Side effects Glibenclamide

  1. Hypoglycemia: The most serious side effect of glibenclamide is a decrease in blood sugar (hypoglycemia). This can manifest itself in the form of dizziness, fasting, weakness, irritability, sweating, tachycardia and even loss of consciousness. Patients taking glibenclamide should have their blood glucose monitored continuously.
  2. Gastrointestinal reactions: Digestive disorders such as nausea, vomiting, diarrhea, constipation and abdominal pain may occur.
  3. Skin reactions: Allergic reactions such as itching, skin rash, hives may occur.
  4. Systemic reactions: Possible headaches, fatigue, depression, insomnia, and rarely - agranulocytosis, hemolytic anemia and dyshidrotic erythema.
  5. Effects on the liver: Some patients may experience changes in liver function, including increased liver enzymes.
  6. Effects on blood: Thrombocytopenia and leukopenia may rarely occur.
  7. Allergy reactions: Rare allergic reactions, such as angioedema and anaphylactic reactions, may occur.

Overdose

  1. Hypoglycemia: This is the main and most serious effect of glibenclamide overdose. Symptoms of hypoglycemia may include headache, hunger, weakness, sweating, tremors, tachycardia, changes in vision, drowsiness, unconsciousness, and even seizures.
  2. Coma: In cases of severe hypoglycemia, if timely assistance is not provided, hypoglycemic coma may develop, which is a dangerous condition requiring medical intervention.
  3. Arterial hypoglycemia: Since glibenclamide can also lower arterial blood glucose levels, arterial hypoglycemia may develop, which can threaten the blood supply to organs and tissues.
  4. Other symptoms: Overdose may also cause adverse effects associated with the action of glibenclamide on other organs and systems, such as gastrointestinal disorders, dizziness, drowsiness, and etc.

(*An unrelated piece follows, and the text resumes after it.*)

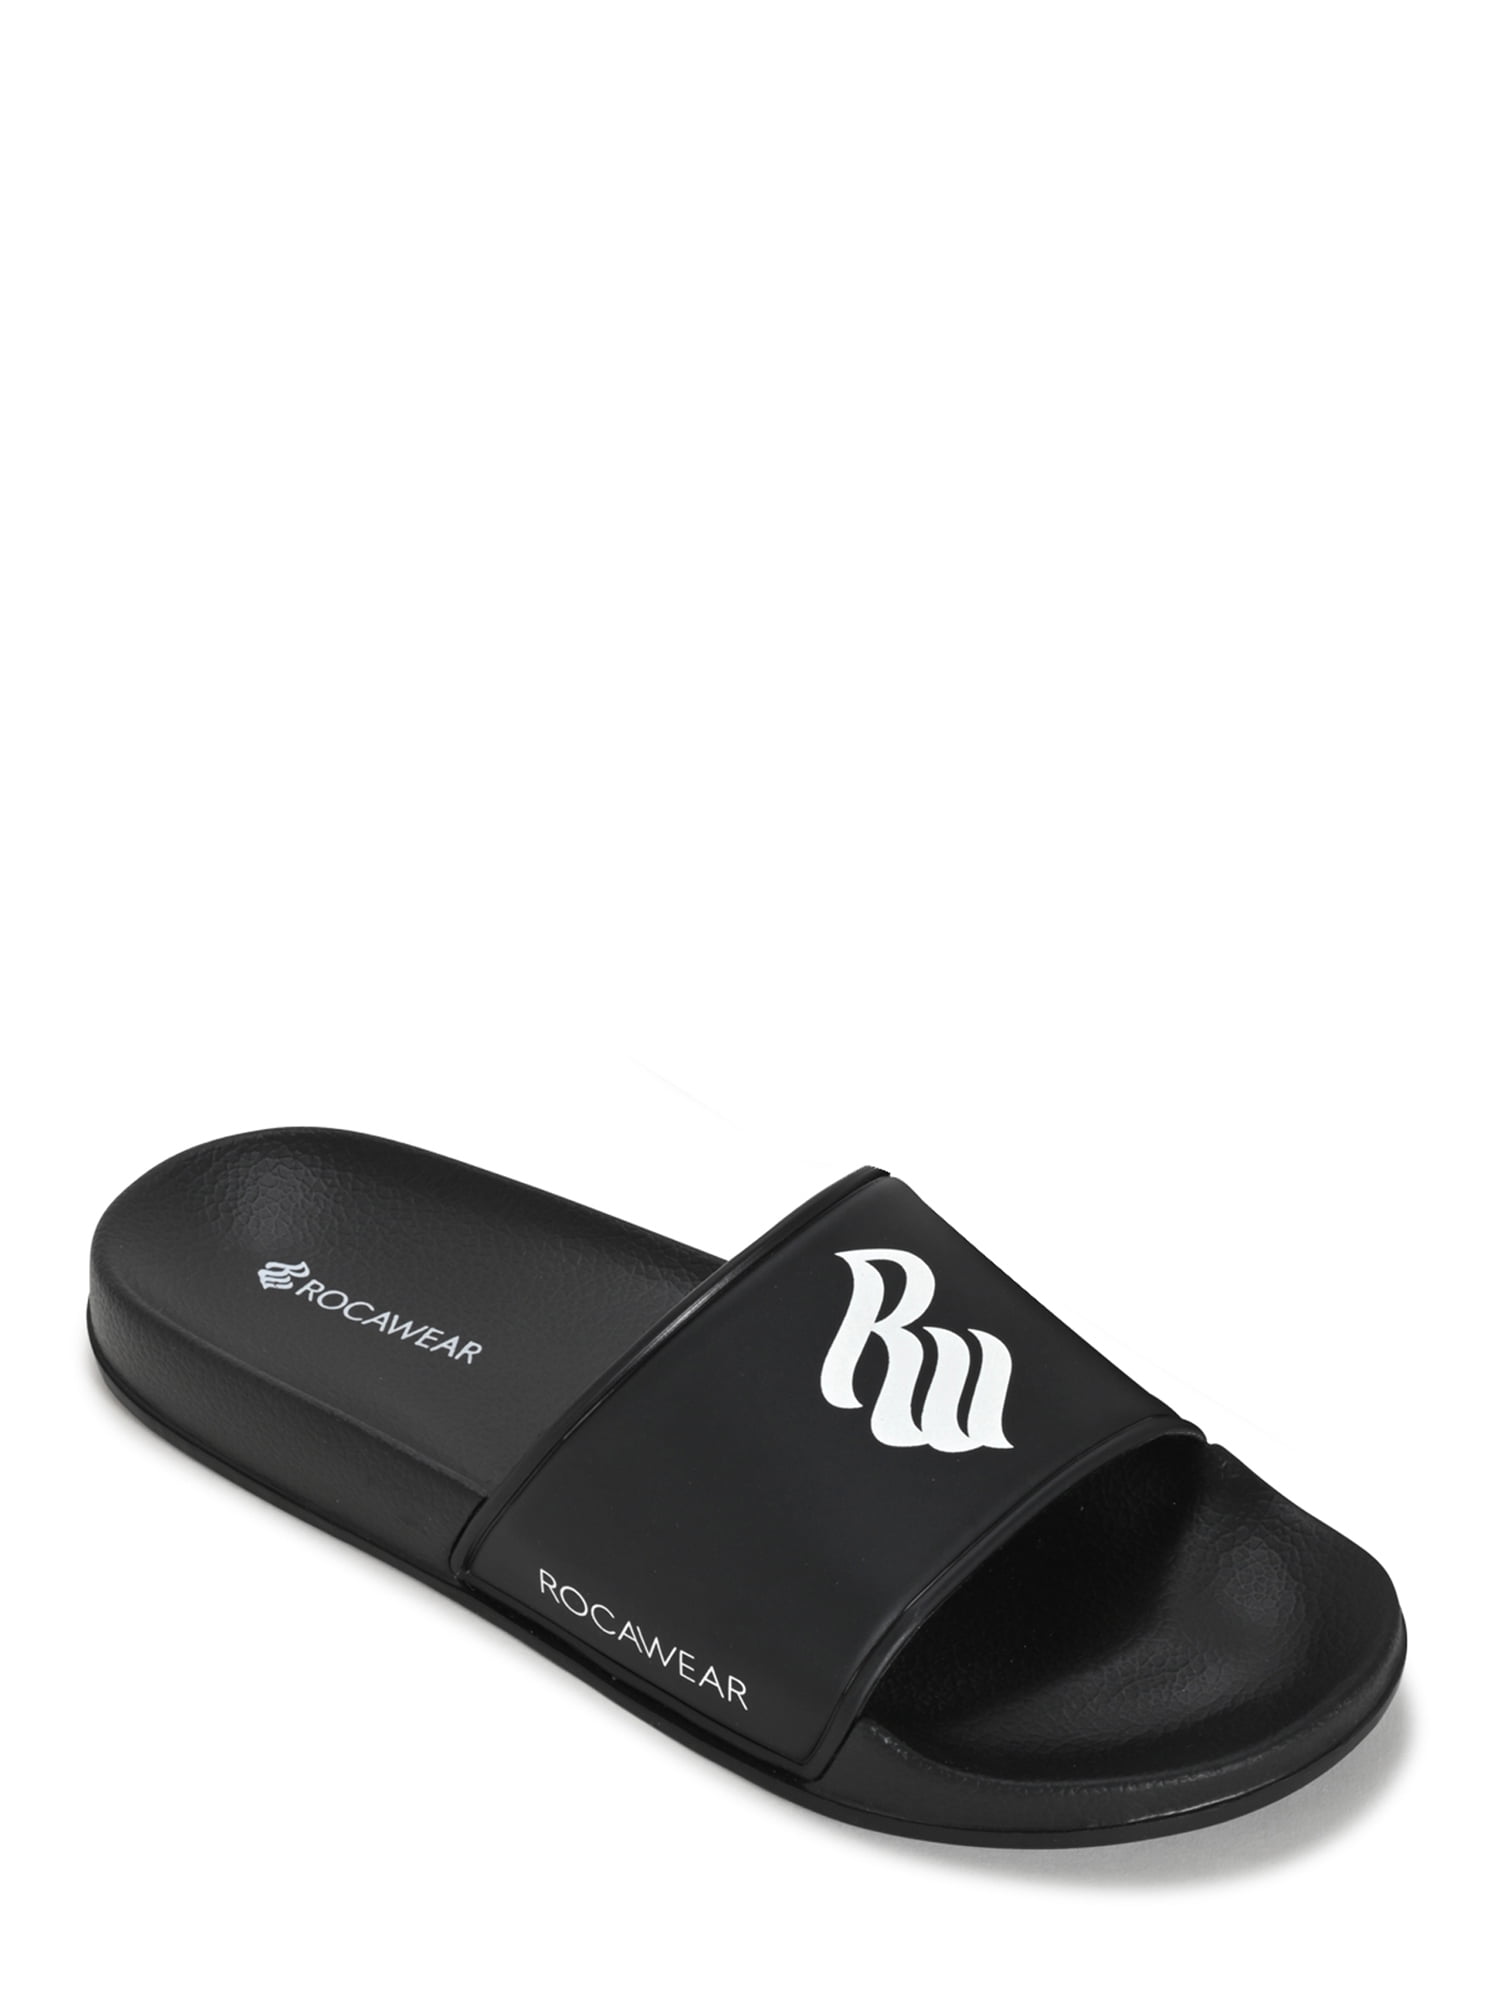 Rocawear Men's Brighton Logo Athletic Slide Sandal - Walmart.com

Interactions with other drugs

  1. Hypoglycemic drugs: The use of glibenclamide with other hypoglycemic drugs, such as insulin or other sulfonylureas, can lead to an increase in the hypoglycemic effect. This may require adjustment of the dose of glibenclamide.
  2. Antibiotics: Some antibiotics, such as sulfonamides and tetracyclines, may enhance the hypoglycemic effect of glibenclamide.
  3. Cardiovascular drugs: Some drugs, such as beta-blockers and angiotensin-converting enzyme inhibitors (ACE inhibitors), may reduce the hypoglycemic effect of glibenclamide.
  4. NSAIDs: Using NSAIDs (non-steroidal anti-inflammatory drugs) with glibenclamide may lead to an increase in blood sugar levels due to a decrease in its excretion by the kidneys.
  5. Alcohol: Drinking alcohol while taking glibenclamide may enhance the hypoglycemic effect effect.

Storage conditions

Glibenclamide is usually stored at room temperature (15°C to 30°C), in a dry place, protected from light and moisture. Proper storage conditions can help maintain the stability of the product and extend its shelf life.

Attention!

To simplify the perception of information, this instruction for use of the drug "Glibenclamide " translated and presented in a special form on the basis of the official instructions for medical use of the drug. Before use read the annotation that came directly to medicines.

Description provided for informational purposes and is not a guide to self-healing. The need for this drug, the purpose of the treatment regimen, methods and dose of the drug is determined solely by the attending physician. Self-medication is dangerous for your health.